И вдруг позвонил на работу ректор института, в котором учились Дмитрий и та дрянь: со множеством извинений осведомился, знает ли Евгений Степанович, что его сын просит койку в общежитии. У них большие трудности, они ограничили прием иногородних, но если Евгений Степанович сочтет нужным, то для его сына… Евгений Степанович не счел нужным. Ректор так и предполагал и был рад засвидетельствовать свое огромное уважение, которое всегда испытывал к нему лично и к его благородной деятельности.
Евгений Степанович уезжал на Кубу, вернулся, а за это время Елена решила действовать сама. Она подкараулила после лекций эту гадину, сказала ей все, что о ней думает, потребовала немедленно оставить их сына в покое. И чтобы Дмитрий об их разговоре ничего не знал, иначе, пригрозила она, будет хуже.
Дмитрий узнал не от нее, возмутились подруги и все ему рассказали. И тем не менее, держи Евгений Степанович руку на пульсе, дальнейшего не случилось бы. Звонил в его отсутствие ректор, хотел проинформировать, что Дмитрий переводится на заочное отделение, но он был в командировке. И однажды вечером, спустившись вниз за газетой, Евгений Степанович открыл почтовый ящик, и ключи от дома выпали ему в ладонь. Вдвоем они кинулись в комнату Дмитрия. На жесткой, как доска, тахте, на которой он спал, придавленная пепельницей записка: «Ключи от дома — в почтовом ящике». Они перерыли весь шкаф, постельный ящик, рылись в ящиках его стола. Он не взял с собой ничего; джинсы, которые отец привез ему из-за границы, которые он любил и берег, оставил в шкафу, ушел в чем был, только лишняя смена белья, полотенце, бритва, щетка, зубная паста, конспекты и книги. Дочь была целиком на их стороне, но теща… Теща начала их бояться, жила в доме тихо, как мышь. Но однажды они застали ее на том, что она с улыбкой блаженной любовалась синим, с зайцами, детскими фланелевым одеяльцем, которое купила тайком. Так они узнали, что у них родился внук. «Точная копия Митеньки», — говорила она, робко заискивая.

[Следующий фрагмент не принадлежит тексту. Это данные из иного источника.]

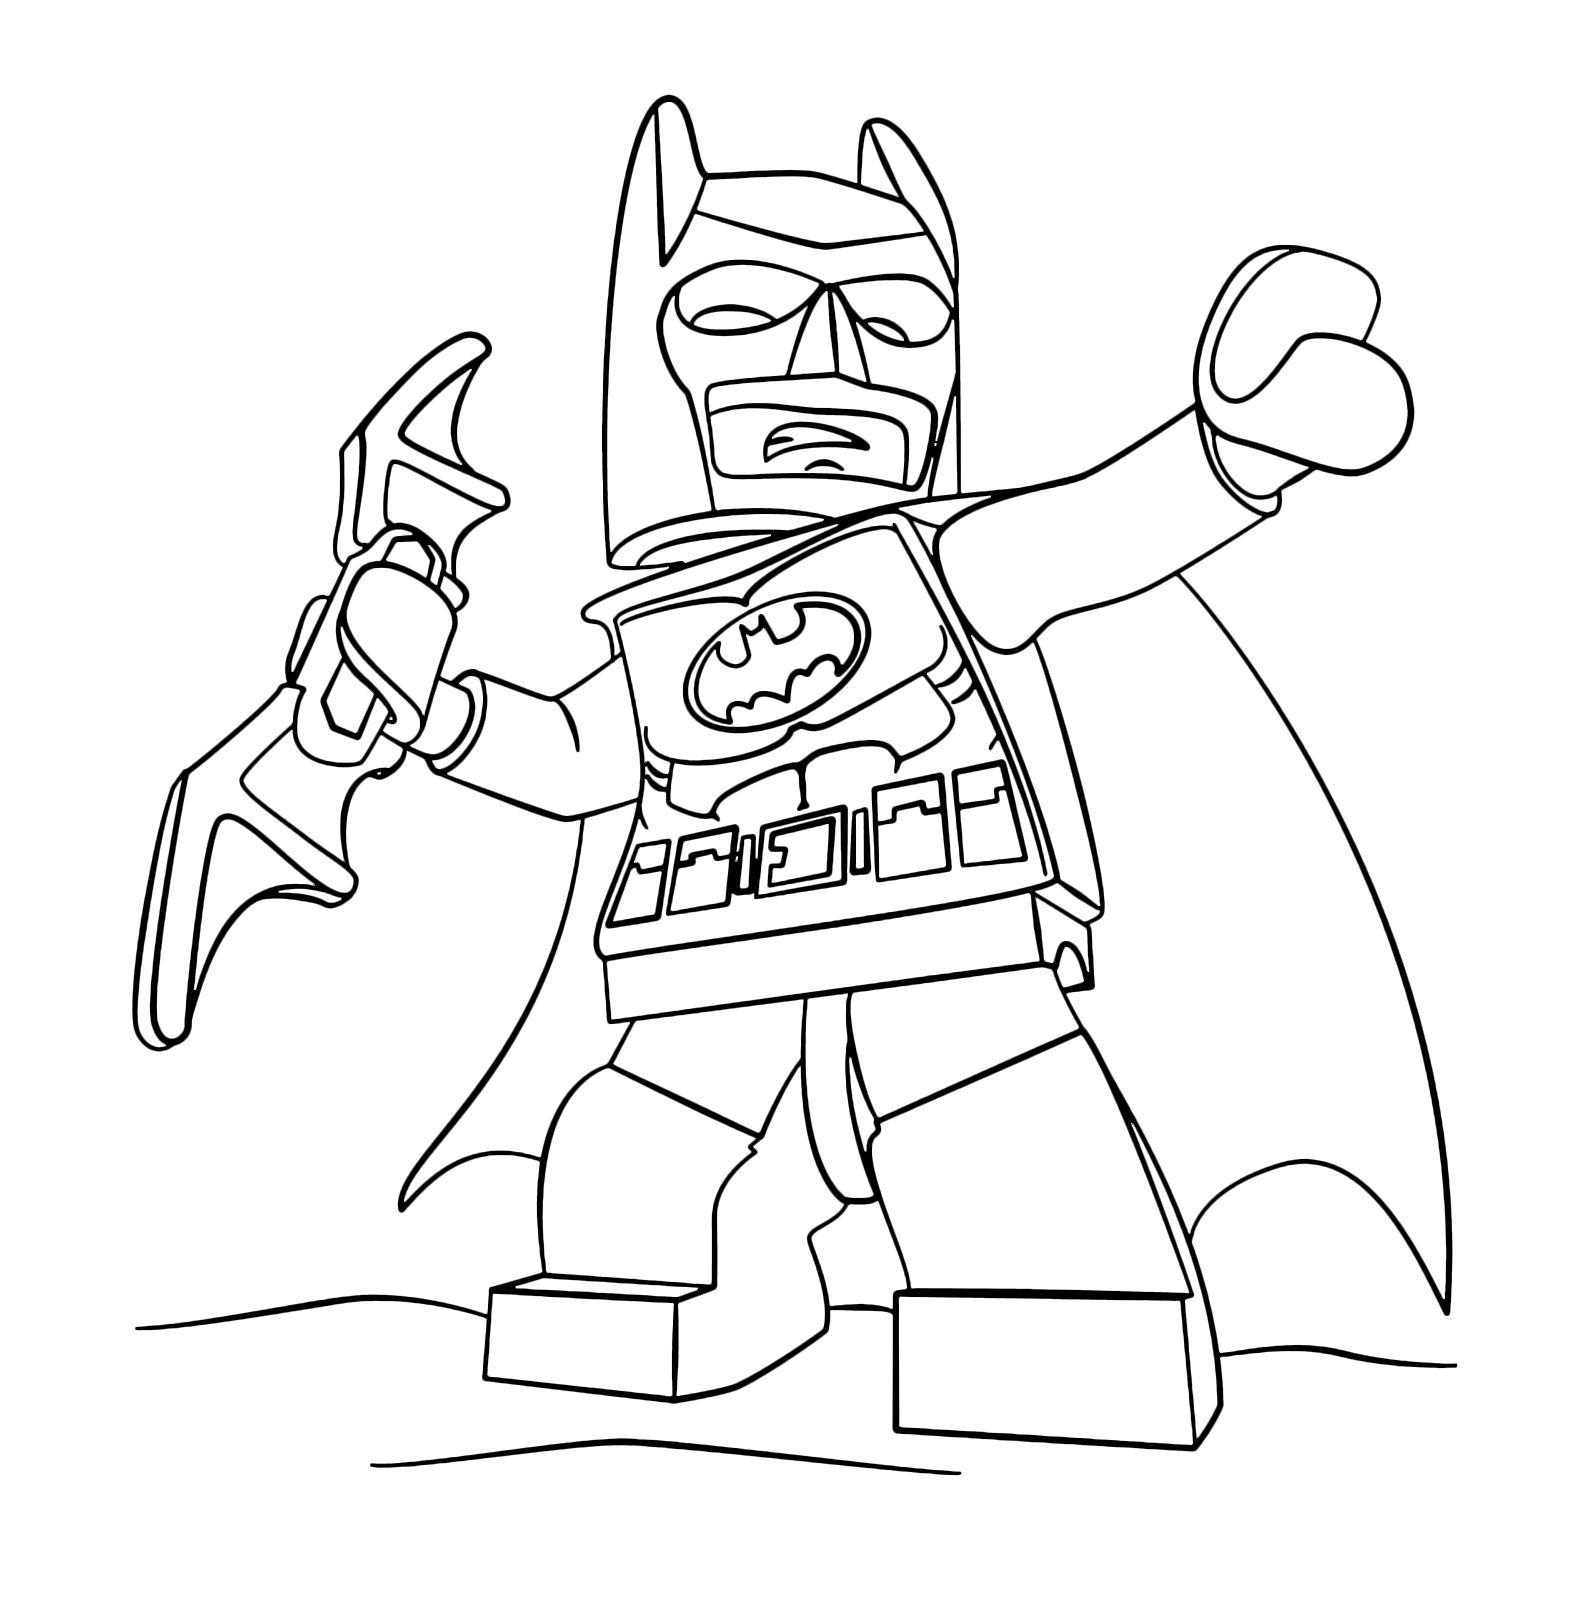 The LEGO Batman Movie - Batman is launching a Batarang

Вообще все узнавалось задним числом: и то, что Дмитрий поступил на работу, а еще и грузчиком подрабатывает на станции, их сын, перед которым так широко были открыты все двери. За городом, по Белорусской железной дороге, сняли они у одинокой старухи комнату в какой-то халупе при огороде; эту халупу, вросшую в землю по окна, им суждено было потом увидать.
В конце концов сын вернулся бы к ним, все бы наладилось — чего не бывает между родными людьми. Они даже как-то сказали при теще, дали понять. Но зимой, в сильный мороз, в пургу, когда Дима, Митя, Митенька нес прикорм из молочной кухни (у нее, как выяснилось, еще и молока не хватало, и он до работы бегал за детским питанием, несчастный их мальчик!), его сбила электричка. Такой загнанный бежал, спешил, они снова и снова видели мысленно, как он в слепую эту пургу перебегает пути, и наушники шапки, наверное, опустил от мороза… Шапку его старенькую нашли в стороне от путей.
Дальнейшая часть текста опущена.